Akirah is a bi-racial queer teenager who lives in sunny Northern California with three dogs and a big family. They enjoy reading and writing fiction and prose poetry and have attended California State Summer School of the Arts for creative writing in the summer of 2016. You can reach them on Twitter (dipbrow) and Instagram (kirahstagram).

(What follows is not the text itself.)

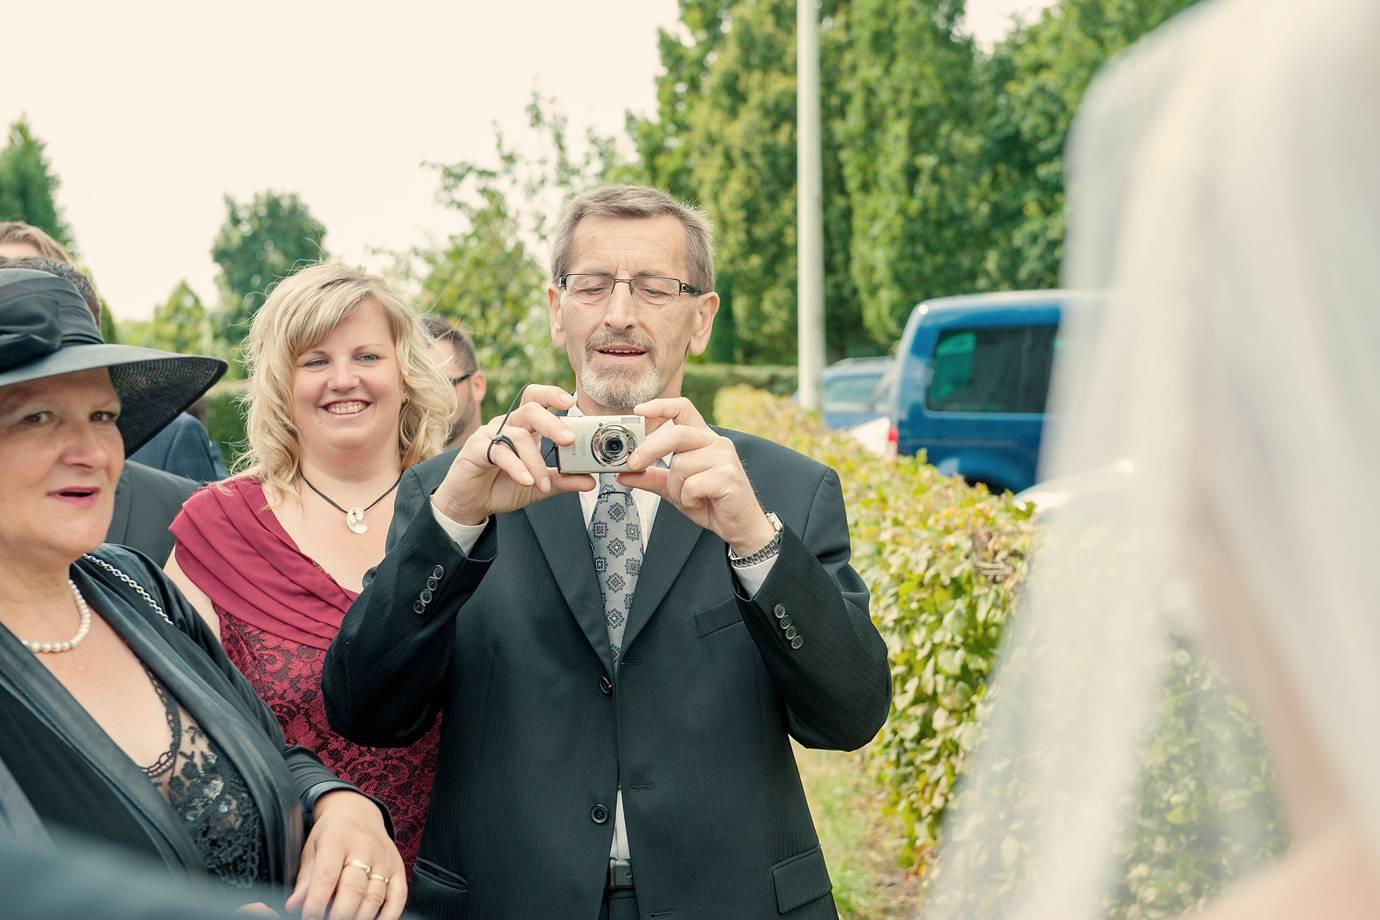 hochzeitsfotograf ritterhude 100 - Susann+Christian

2 poems by Akirah Williams
idle
i am scared of the feeling coming back
like i've swallowed too many cough drops to my brain
i'm scared that when it starts it would be too hard to stop
how do i feel genuine again how do i stop eggshell steps from carving tracks into the carpet in that same pattern in that same pattern in that same pattern
(i don't think i'm scared of spiders in my hair anymore)
it's the numbness that sits in the back of my throat that made me swallow 30 pills
the numbness made me realize that i was a seashell on a desolate beach; empty and useless like my mother's forehead kisses that ghosted over my skin or that puppet pull of the lips
when i would tell myself
let them see you genuine, even when the goblins have already munched away your flesh.
chocolate
loo was affectionate and quiet, a mass of close lipped afternoons and nights
he occasionally sat in the tail bed of bucket’s broken down truck, stray sand carving homes to the buzz of his green hair, deeply set and lidded eyes looking of salt water
the first time i met him, he wore a cotton jacket that swallowed him like moth wings
boisterous curling tongue around the gold chocolate coin wrapper shimmering caught under the slightest peak of cold stars.